Petra Schmidt-Schaller (born 28 August 1980) is a German actress. She is noted for the roles of Helene in Runaway Horse alongside Ulrich Noethen, Ulrich Tukur and Katja Riemann, and Maud Brewster in The Sea Wolf (2008 ProSieben film) alongside Thomas Kretschmann.

Life and career
Schmidt-Schaller was born in Magdeburg, the daughter of actors Andreas Schmidt-Schaller and Christine Krüger. She grew up in Prenzlauer Berg, a borough of East Berlin. Although she comes from a family of actors, her first experience with acting was during a one-year stay 1997–1998 as an exchange student in Kansas, where she attended her High School's acting class. Before her movie and TV career, she studied acting at the Felix Mendelssohn College of Music and Theatre in Leipzig from 2001 to 2005, and acted at the Deutsches Nationaltheater Weimar from 2003 to 2005.

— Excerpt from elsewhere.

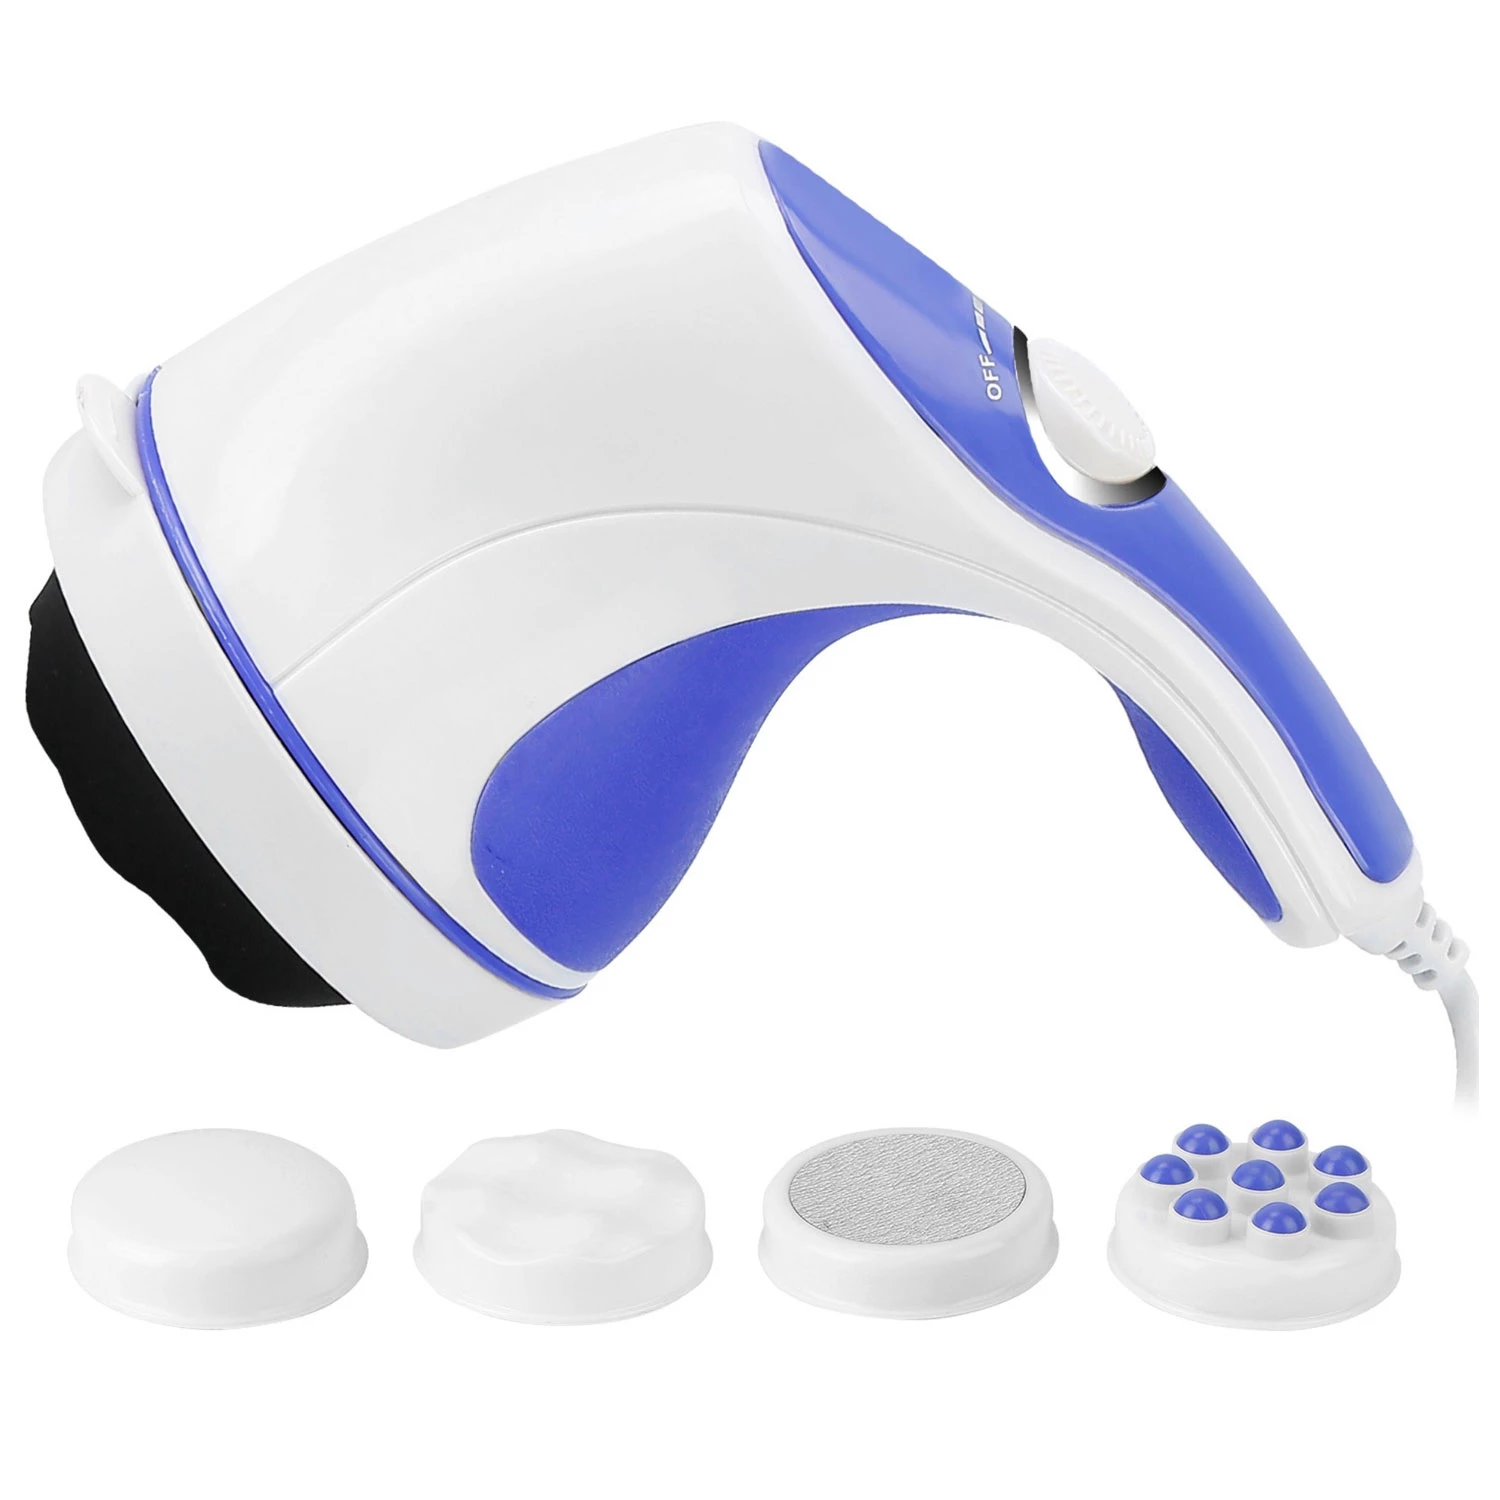 4-in-1 Electric Handheld Body Massager With Interchangeable Heads
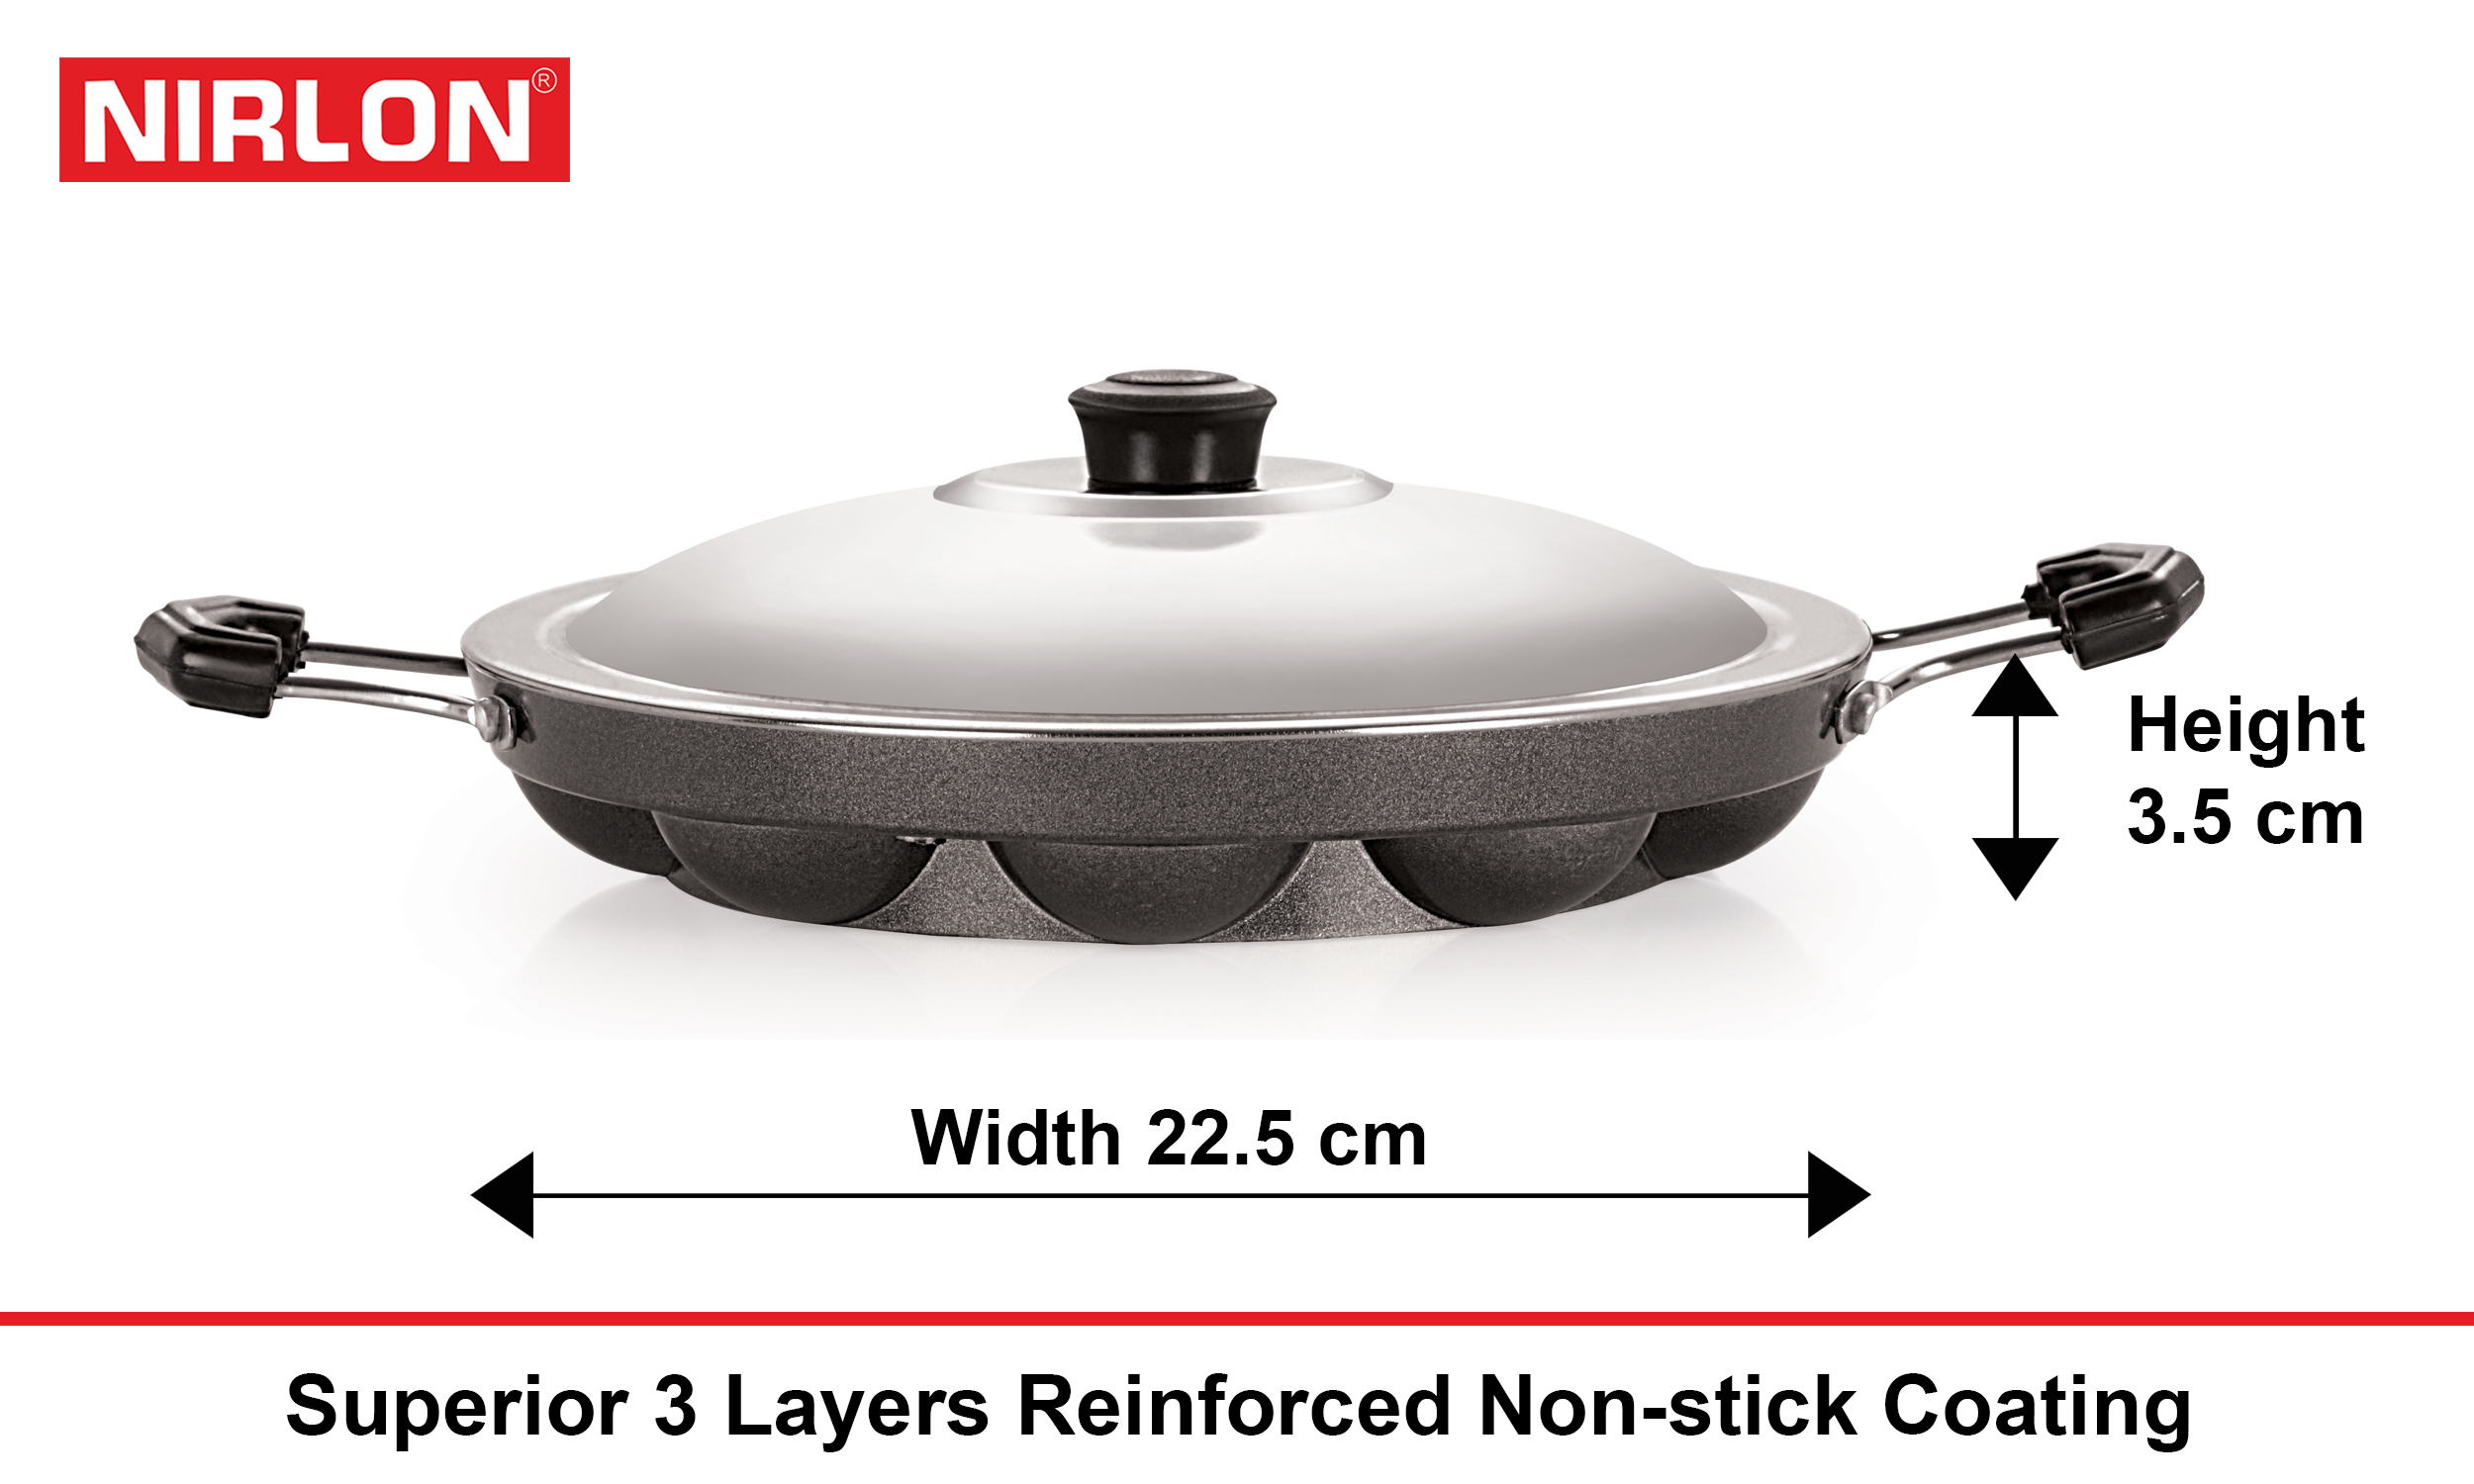 12 Cavity Nirlon Appam Patra with Stainless Steel Lid

Having played leading roles in several German films, a minor part in Dark Castle Entertainment's Unknown (2011) was her first international assignment. After A Hero's Welcome (Nacht vor Augen, 2008) and Almanya – Welcome to Germany (Almanya – Willkommen in Deutschland, 2011), Unknown was her third work that was screened at the Berlin International Film Festival. For the TV movie Happiness Divided (Das geteilte Glück, 2010) she was awarded the German Actors' Award and was nominated for the German Television Award as best actress. In Marcus H. Rosenmüller's comedy-drama  she starred as Amrita, a member of the Rajneesh movement caught between the pursuit of self-realization and the love of her children.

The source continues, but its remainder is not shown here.